* _Directions for this task_:
Each line of the material below is to be written out exactly. Leave out any picture.

* _Stored data_:
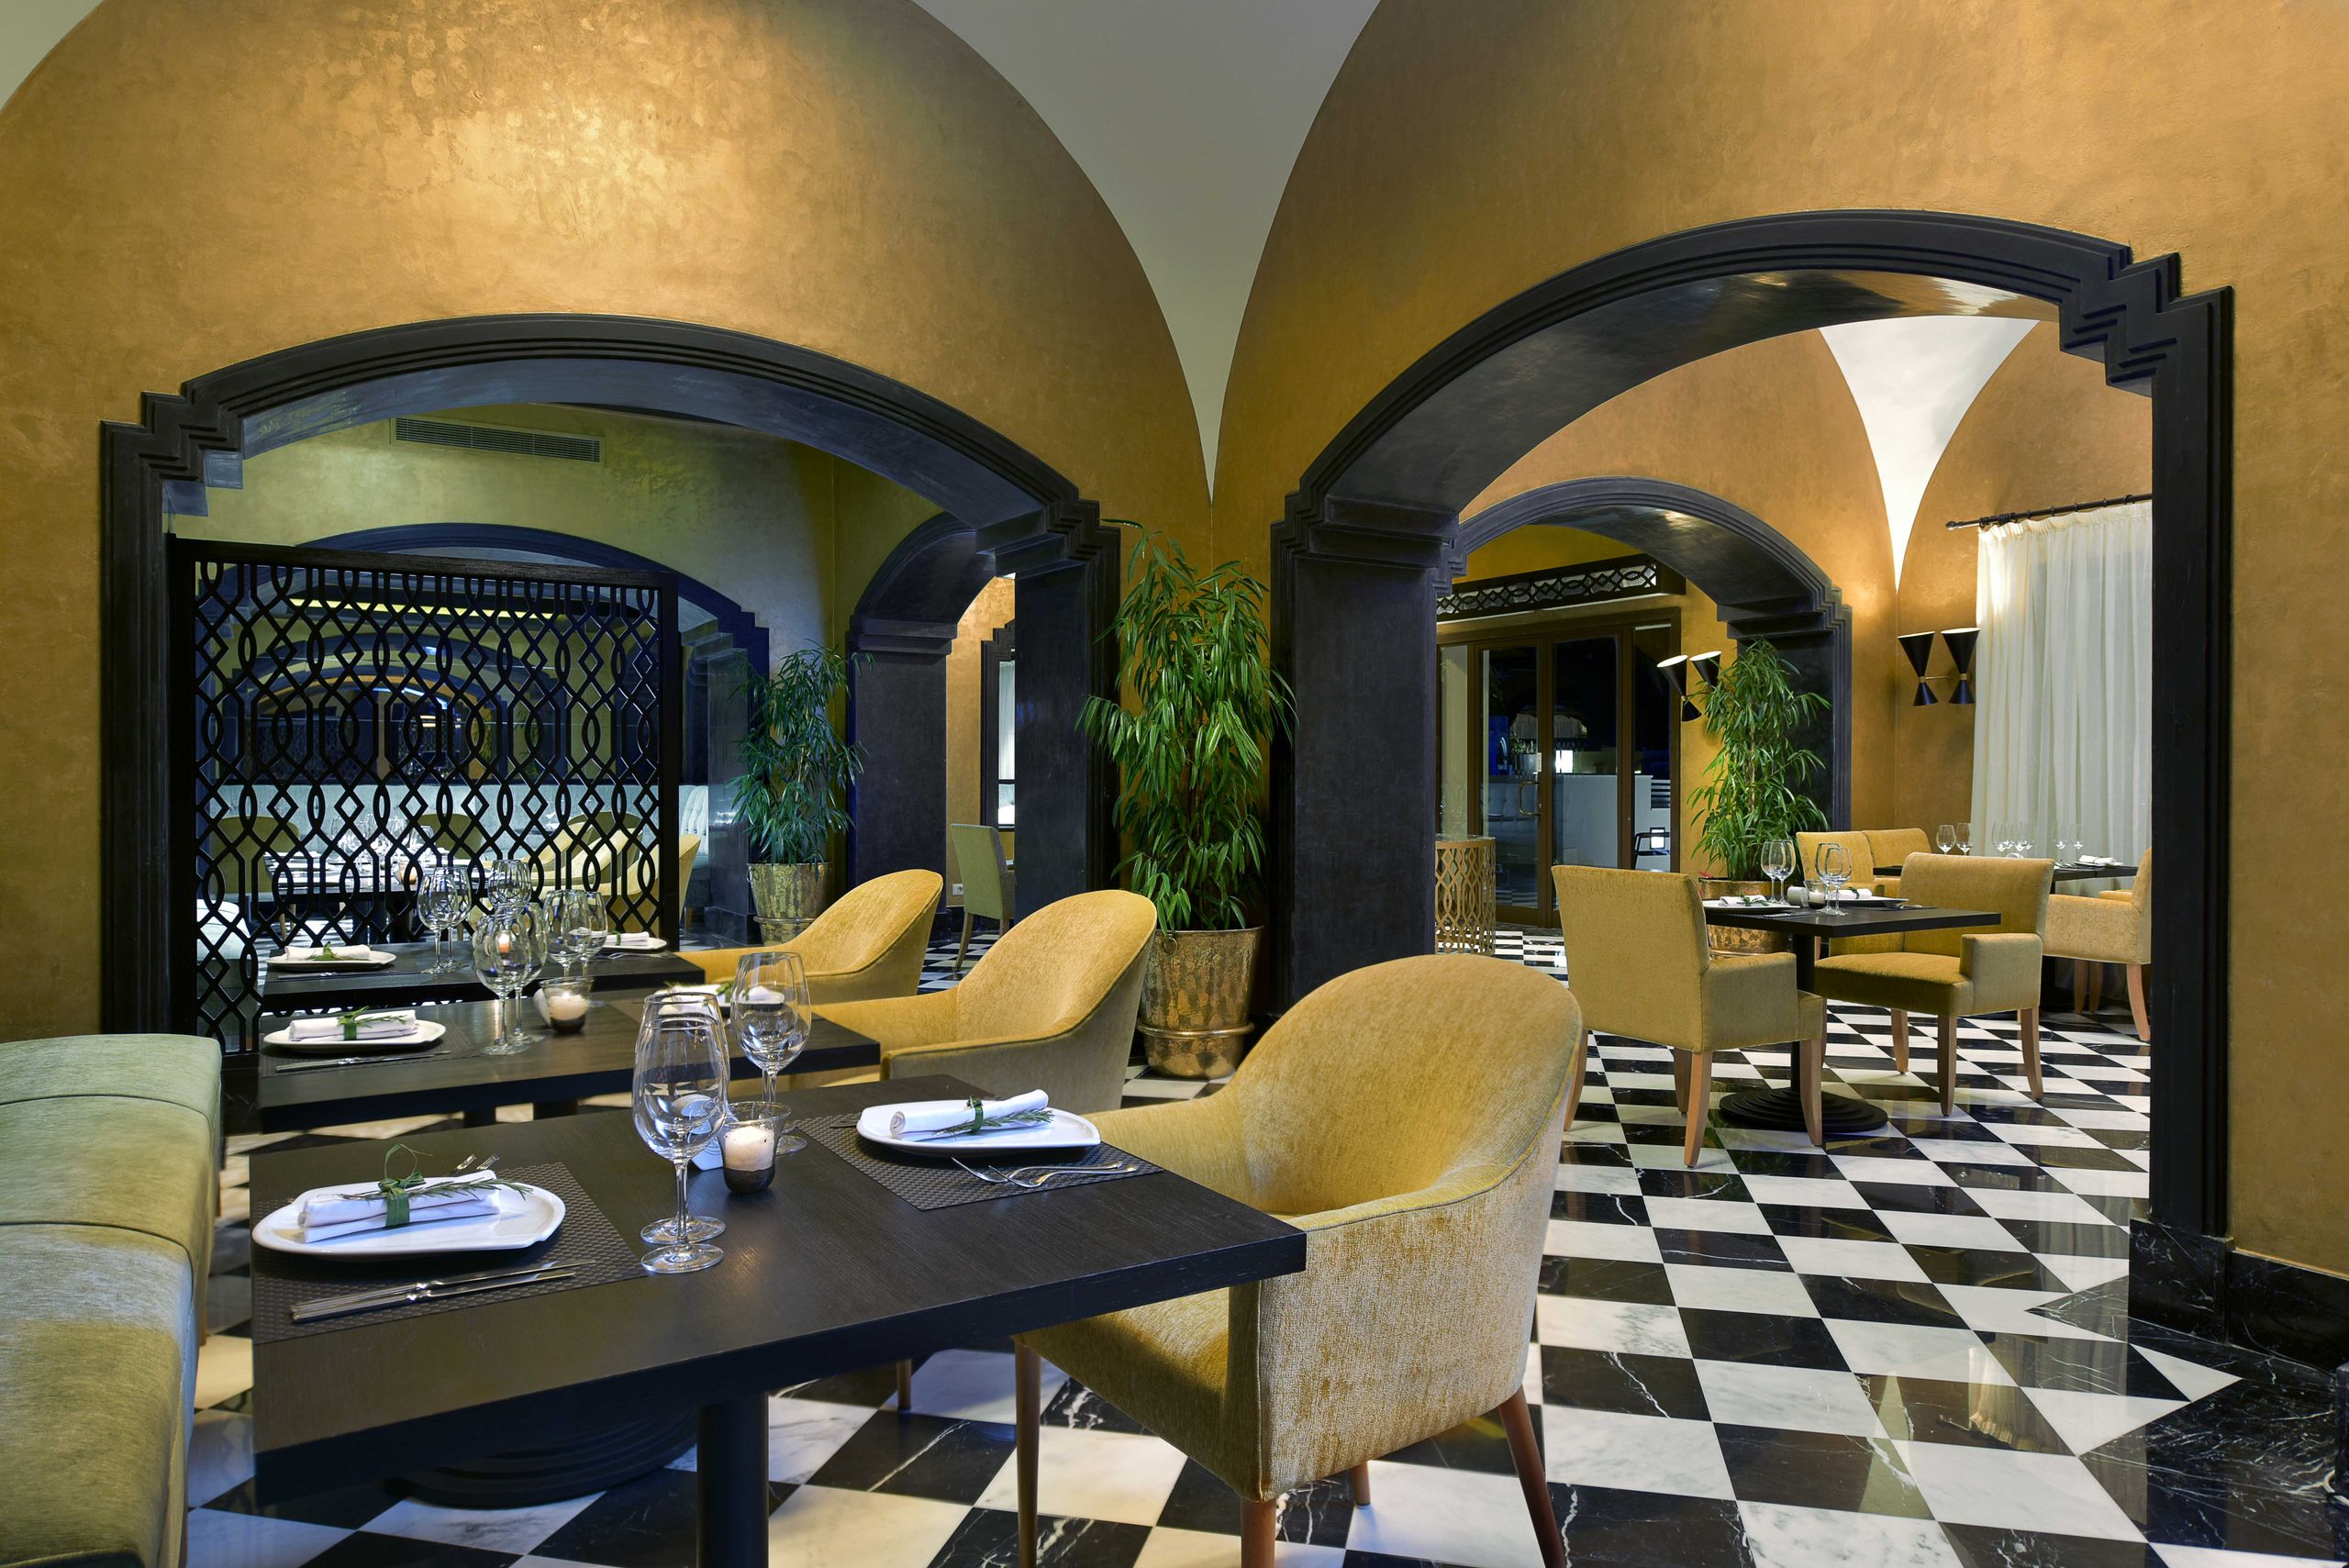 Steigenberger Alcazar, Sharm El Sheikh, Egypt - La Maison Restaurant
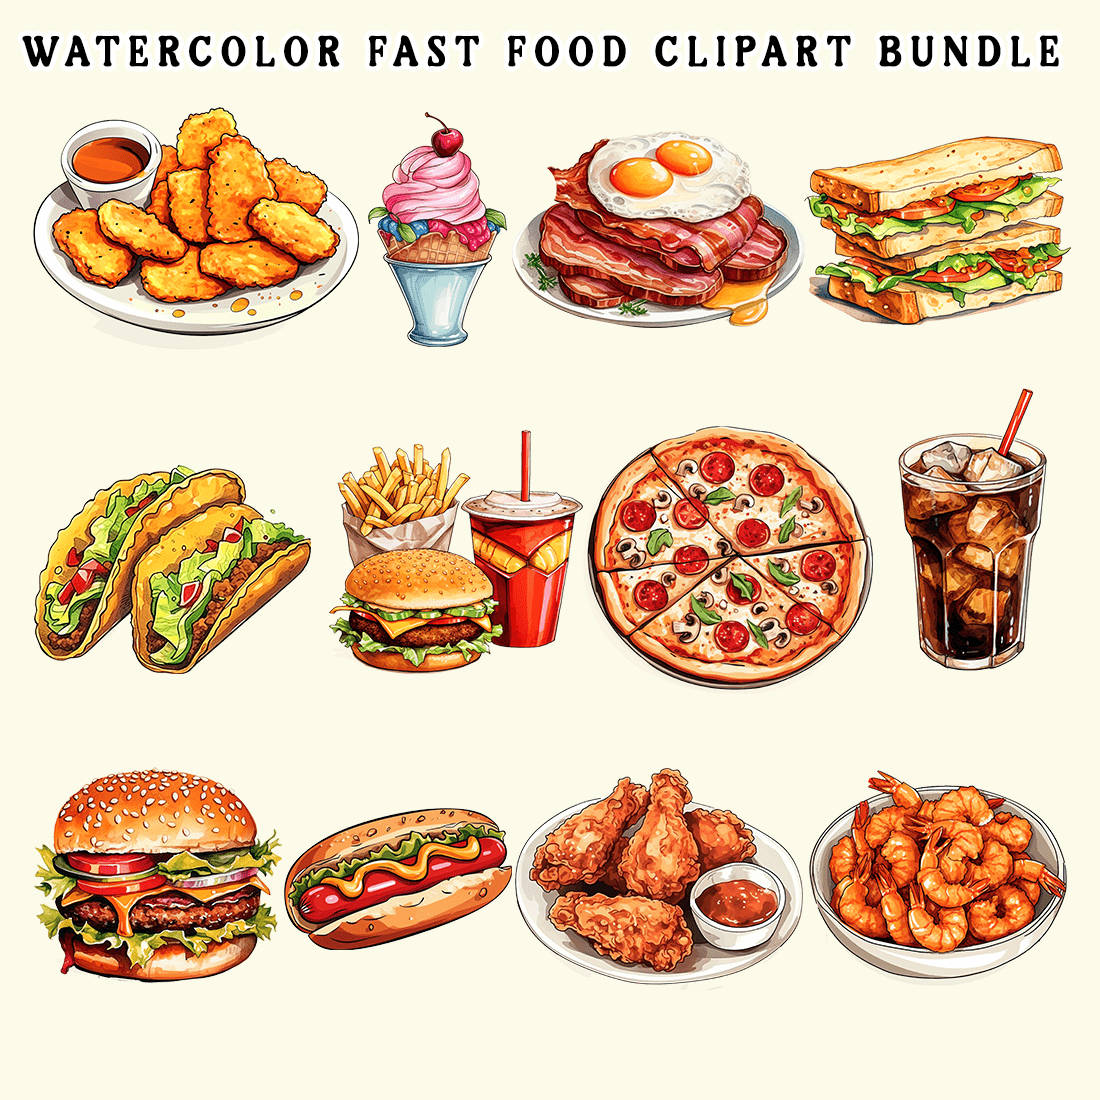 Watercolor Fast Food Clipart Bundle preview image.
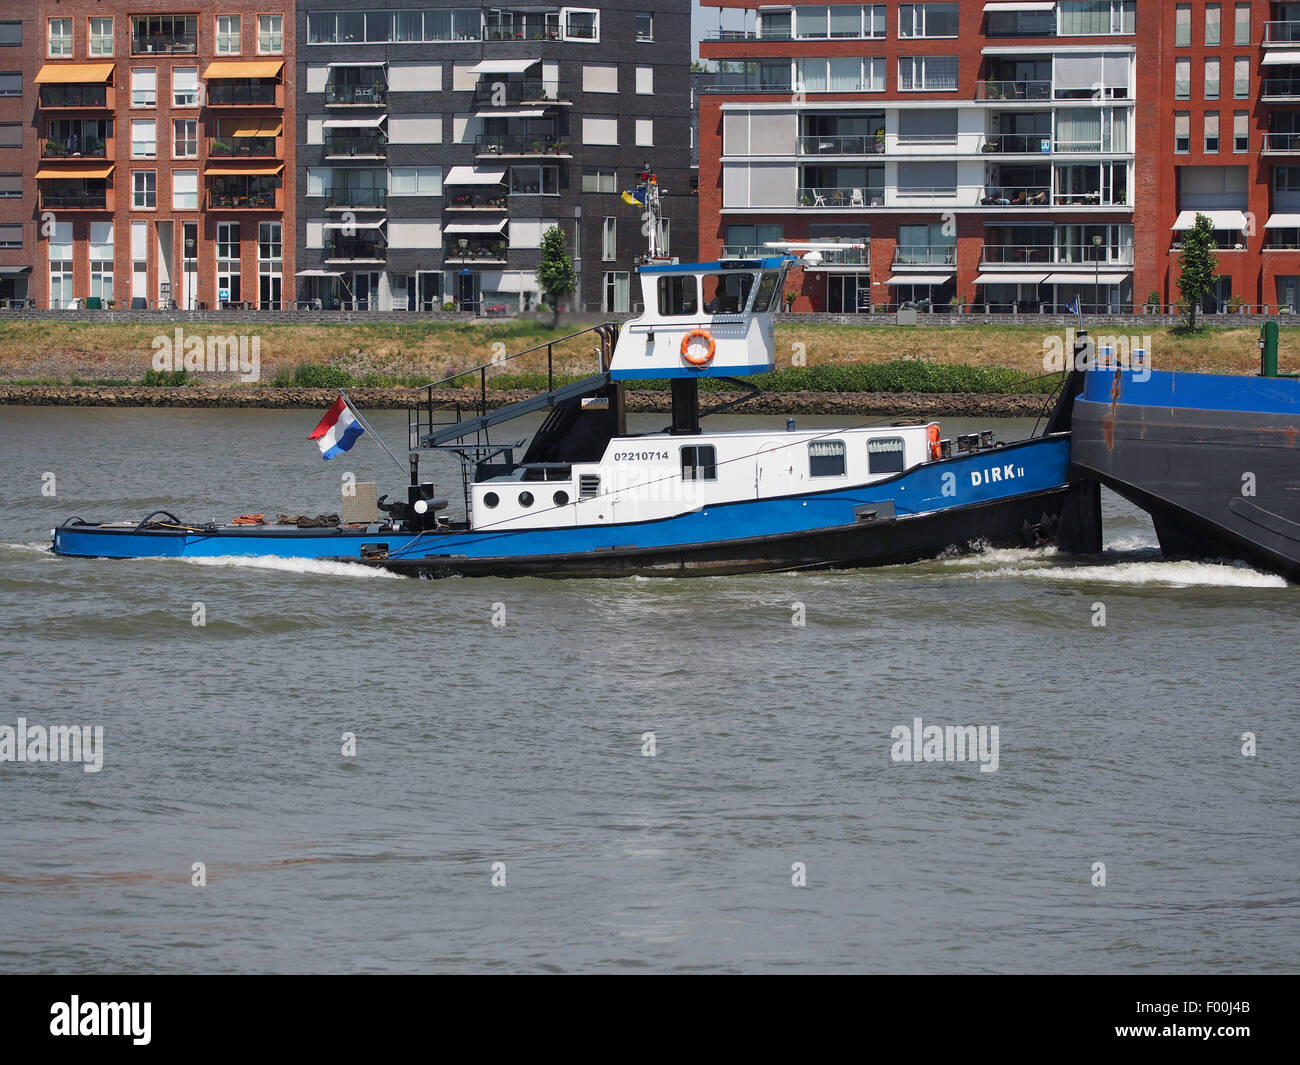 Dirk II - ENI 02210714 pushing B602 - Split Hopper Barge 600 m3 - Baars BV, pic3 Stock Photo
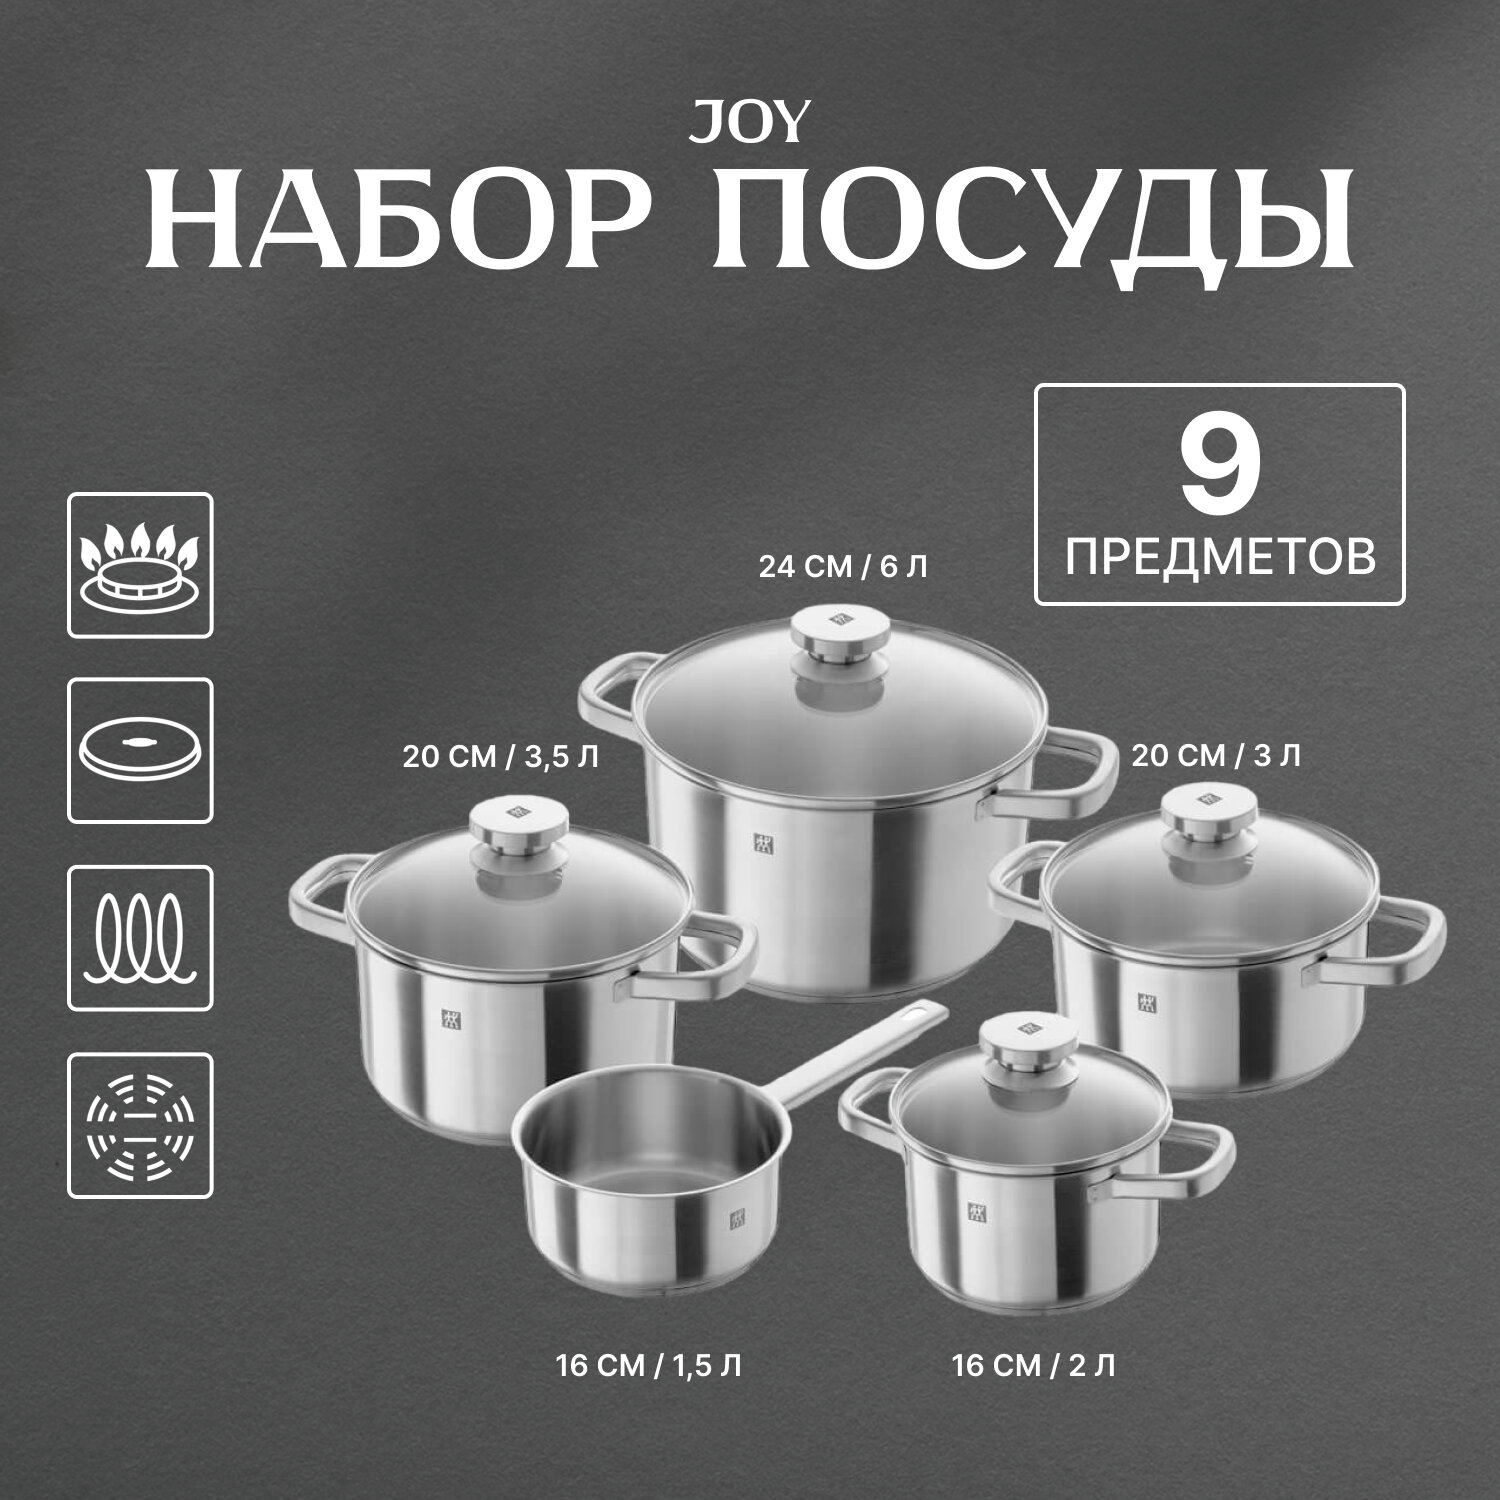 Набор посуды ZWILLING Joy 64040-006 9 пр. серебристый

* _Reply_:
 Steigenberger Alcazar, Sharm El Sheikh, Egypt - La Maison Restaurant
 Watercolor Fast Food Clipart Bundle preview image.
 Dirk II - ENI 02210714 pushing B602 - Split Hopper Barge 600 m3 - Baars BV, pic3 Stock Photo
 Набор посуды ZWILLING Joy 64040-006 9 пр. серебристый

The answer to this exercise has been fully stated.